Children play in the sprinklers at Morris K. Udall Park on Sept. 2. A number of Tucson heat records were smashed last year.

Think Phoenix. Think Yuma. Think Las Vegas. Think Abu Dhabi, even Riyadh.

From a drought standpoint, 2020 in Tucson resembled those rain-starved desert cities far more than itself during our driest year on record.

Pounded by the twin forces of a nonexistent summer monsoon and a La Niña fall-winter event, Tucson got only 4.17 inches of rain last year. That’s more than 6 inches below the average annual total of 10.59 inches.

The previous record low rainfall came 96 years ago — 5.07 inches in 1924, the National Weather Service said. The service’s records for Tucson date to 1895.

Every month last year got less rainfall than normal. It was the first time that happened since the weather service started keeping such records for Tucson in the early 1950s, said the service’s annual Tucson climate report.

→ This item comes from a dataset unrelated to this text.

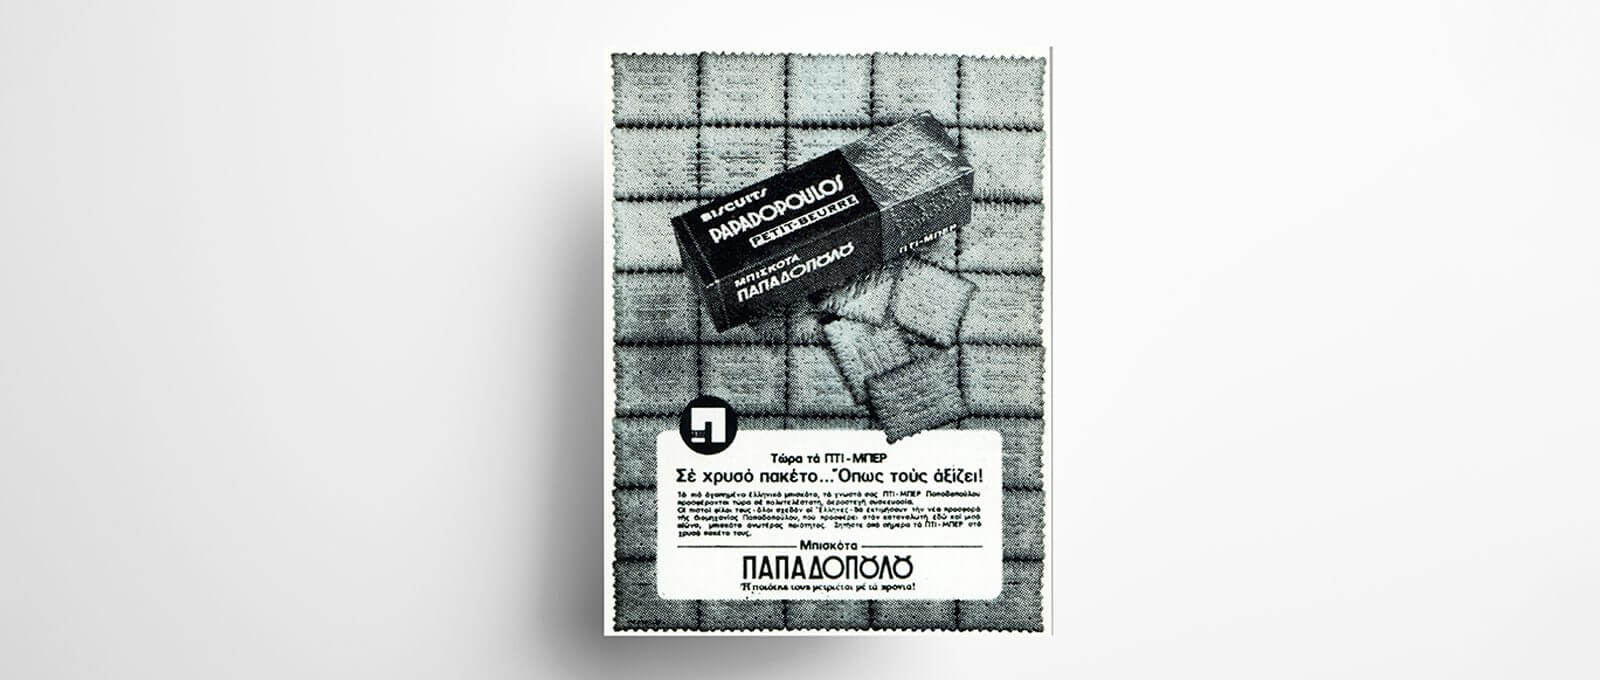 Δεκαετία 1970. Διαφημιστική καταχώριση για τα Πτι Μπερ Παπαδοπούλου σε χρυσό πακέτο.

The summer monsoon rainfall of 1.62 inches made for the second-driest monsoon season on record. That was one one-hundredth of an inch more rain than in the driest monsoon on record, in 1924.

Ratcheting up the discomfort level, the drought was coupled with Tucson’s second-hottest year on record. The city’s average annual temperature of 72.6 degrees trailed only 2017’s annual average of 73.3 degrees, the weather service said.

Not only did Tucson have its largest number of 100-plus degree days on record last year — 108 — it also had the most 105-degree plus days on record — 57.

Tucson’s 35 days in which low temperatures hit at least 80 degrees and 75 days where they hit 75 degrees or more far exceeded previous records.

But extreme heat in Tucson is hardly shocking now. Eight of the city’s hottest years on record have occurred starting in 2009.

Rainfall in 2020 here, however, followed two years of above-normal annual Tucson totals. It was also:

  • Almost an inch less than the 5 inches that fell in Phoenix last year, and almost 3 inches less than the Valley of the Sun gets in a normal year.
  • Only 0.05 inch more than what normally falls annually in Las Vegas. Its 2020 rainfall was much lower than ours at 2.35 inches.
  • Only 0.02 inch more than what normally falls in Yuma, and barely a half-inch more than Yuma’s 2020 total rainfall.
  • Only an inch more than what normally falls annually in Abu Dhabi, United Arab Emirates, and 0.17 of an inch more than what falls in Riyadh, Saudi Arabia.

“The first part of the year we got some rain. Although it was still below normal, we still had storms,” said John Glueck, a senior weather service meteorologist in Tucson, in explaining last year’s record drought here. “When we got into summer, high pressure for the most part sat over the state. It was not a favorable flow for the monsoon.

“Now, with La Niña conditions, there are normally dry conditions associated with that,” Glueck said, referring to a winter weather phenomena triggered by major variations in sea-surface temperatures across much of the equatorial Pacific Ocean.

He noted that Phoenix got only 15 days of rain, compared to Tucson’s 30. But Phoenix had two days with more than an inch each of rainfall, whereas Tucson’s biggest storm produced only 0.78 of an inch and half of its 30 days of rain produced 0.1 of an inch or less.

Glueck couldn’t account for those differences, or for why Tucson’s 2020 weather was much drier compared to normal than Phoenix’s weather last year. “You can’t explain it. It’s just one of those things,” he said.

Personally, Glueck, who regularly compiles Tucson’s annual weather statistics and has worked for the weather service here 24 years, said he’s gotten used to the extreme heat.

But he granted that the way the “nonsoon” worked out this year was depressing.

“A lot of people really, after our winter storms, then the initial heat waves in May and June, they look forward to the lightning events and rain after that. But the cooling we look forward to, (that accompanies the monsoon), that just wasn’t there last year.”

As for 2021, the weather service predicts the dry weather accompanying La Niña should last into early summer, while higher-than-normal temperatures are expected indefinitely.

While the weather service predicts an equal chance of above- or below-normal precipitation starting in six months, Glueck said he thinks this year’s monsoon season won’t be as bad as last year’s.

Records show a “mixed bag” of wet and dry monsoon seasons following La Niña, but there have been more wet post-La Niña monsoons overall, he said.

“Considering what last year was, you can’t get any worse,” Glueck said.

As for the long term, Tucson last year had its 22nd straight year of above-normal temperatures. Climate scientists here and elsewhere expect it will continue getting hotter over the coming decades.

“It is just a matter of how hot it will be. We just all can hope and cross our fingers that we have an active monsoon,” Glueck said.

Glueck declined to say, however, whether he thinks Tucson’s in a long-term drought, a point of contention among many climate scientists.

“I’d just rather not answer that question,” he said.